• [RECORDS TO USE]
::::::::

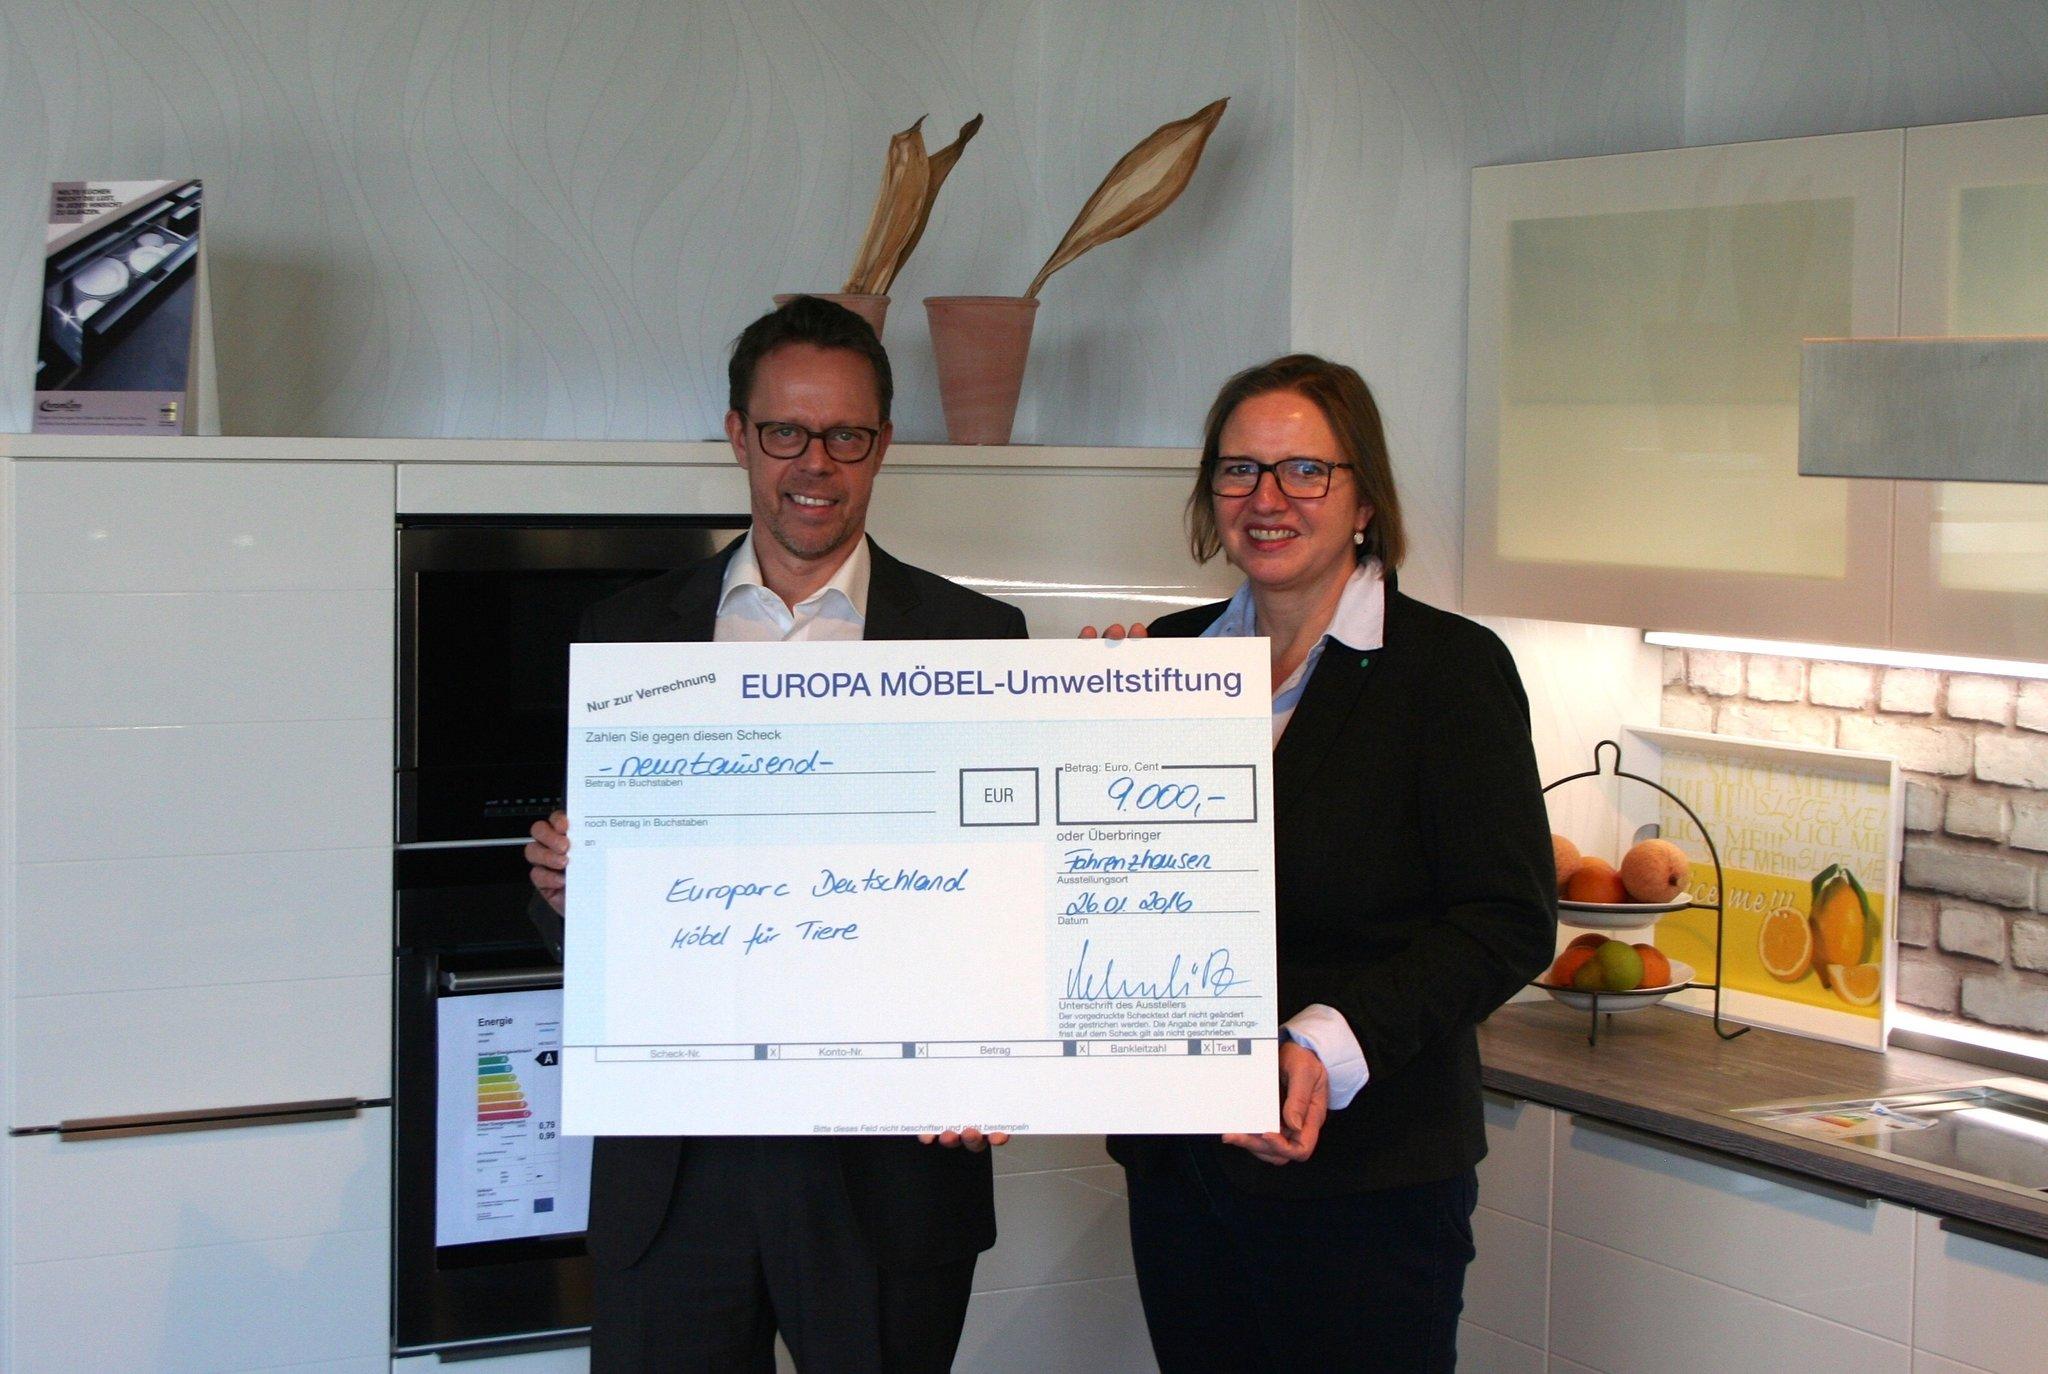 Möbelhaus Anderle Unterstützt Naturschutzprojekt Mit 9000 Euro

::::::::

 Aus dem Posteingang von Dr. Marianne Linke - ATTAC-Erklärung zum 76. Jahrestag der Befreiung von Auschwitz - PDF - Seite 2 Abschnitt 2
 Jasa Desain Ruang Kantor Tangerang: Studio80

::::::::

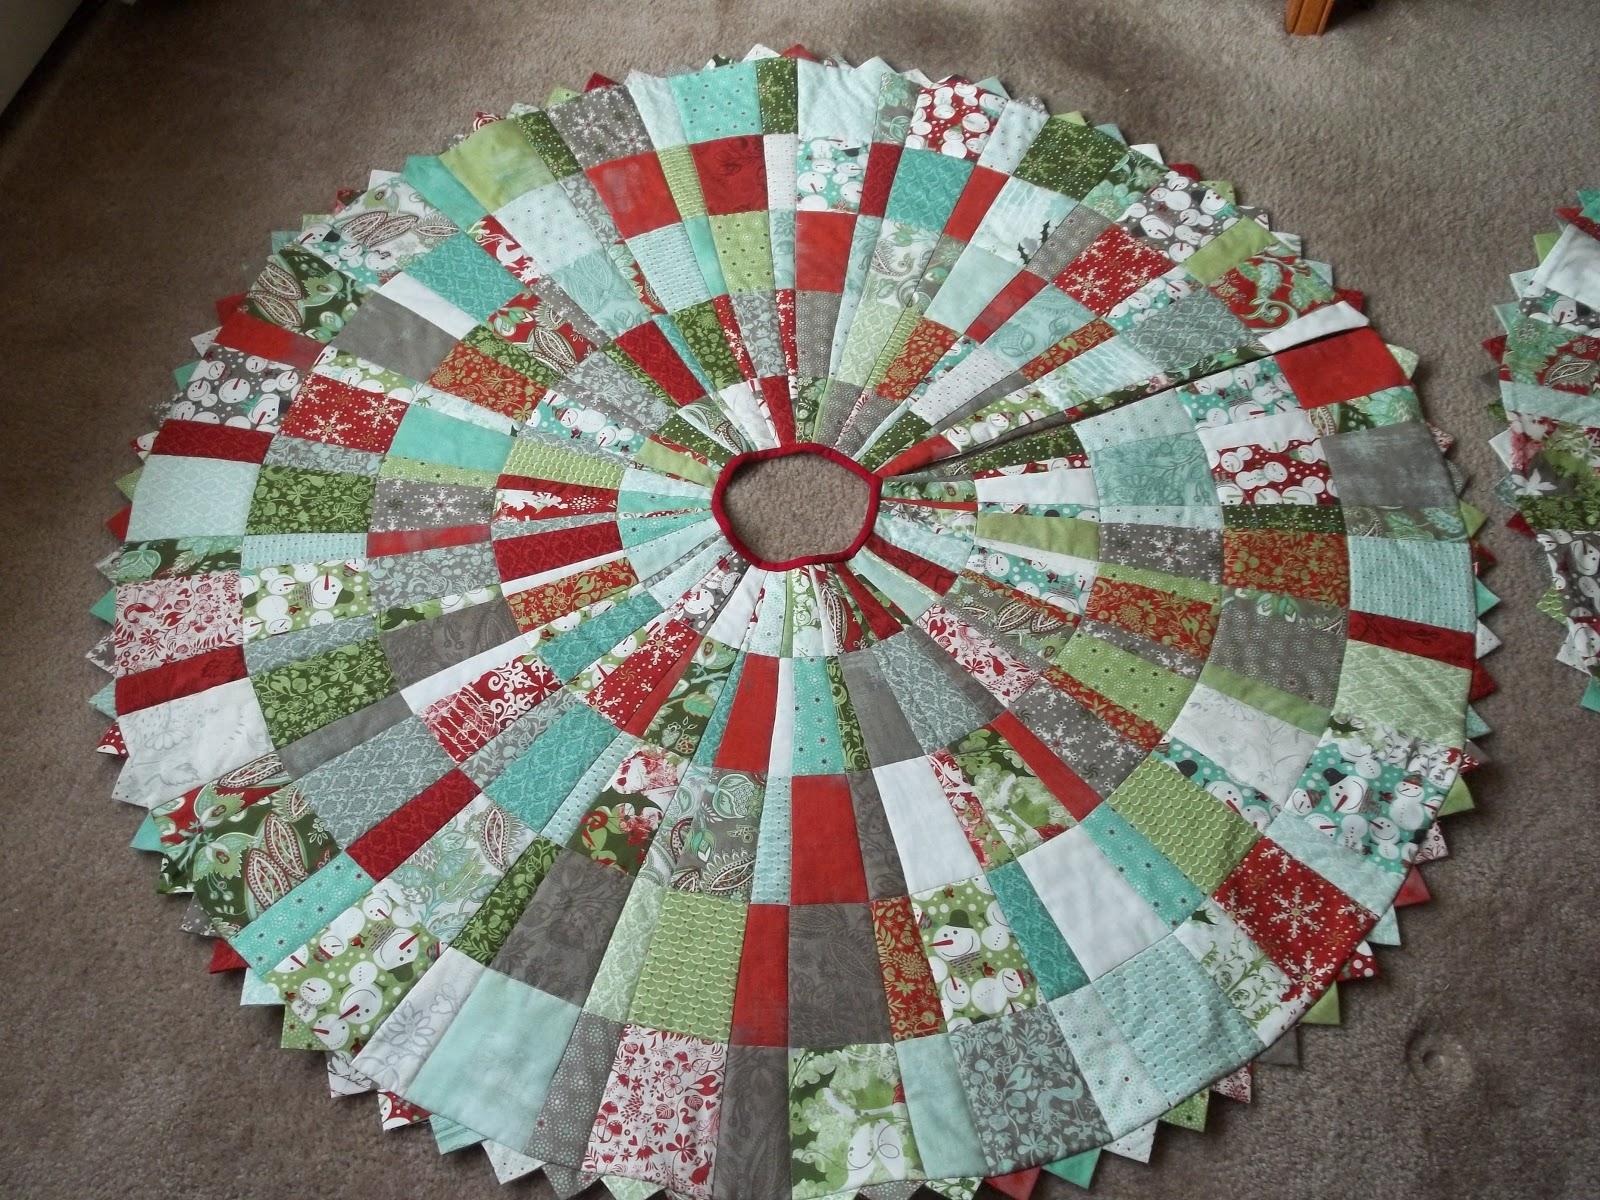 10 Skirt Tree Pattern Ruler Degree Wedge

::::::::

Of the lines above, extract only those from the line with "Aus dem Posteingang" to the line with "Jasa Desain Ruang Kantor Tangerang: Studio80", both included, exactly as written.

 Aus dem Posteingang von Dr. Marianne Linke - ATTAC-Erklärung zum 76. Jahrestag der Befreiung von Auschwitz - PDF - Seite 2 Abschnitt 2
 Jasa Desain Ruang Kantor Tangerang: Studio80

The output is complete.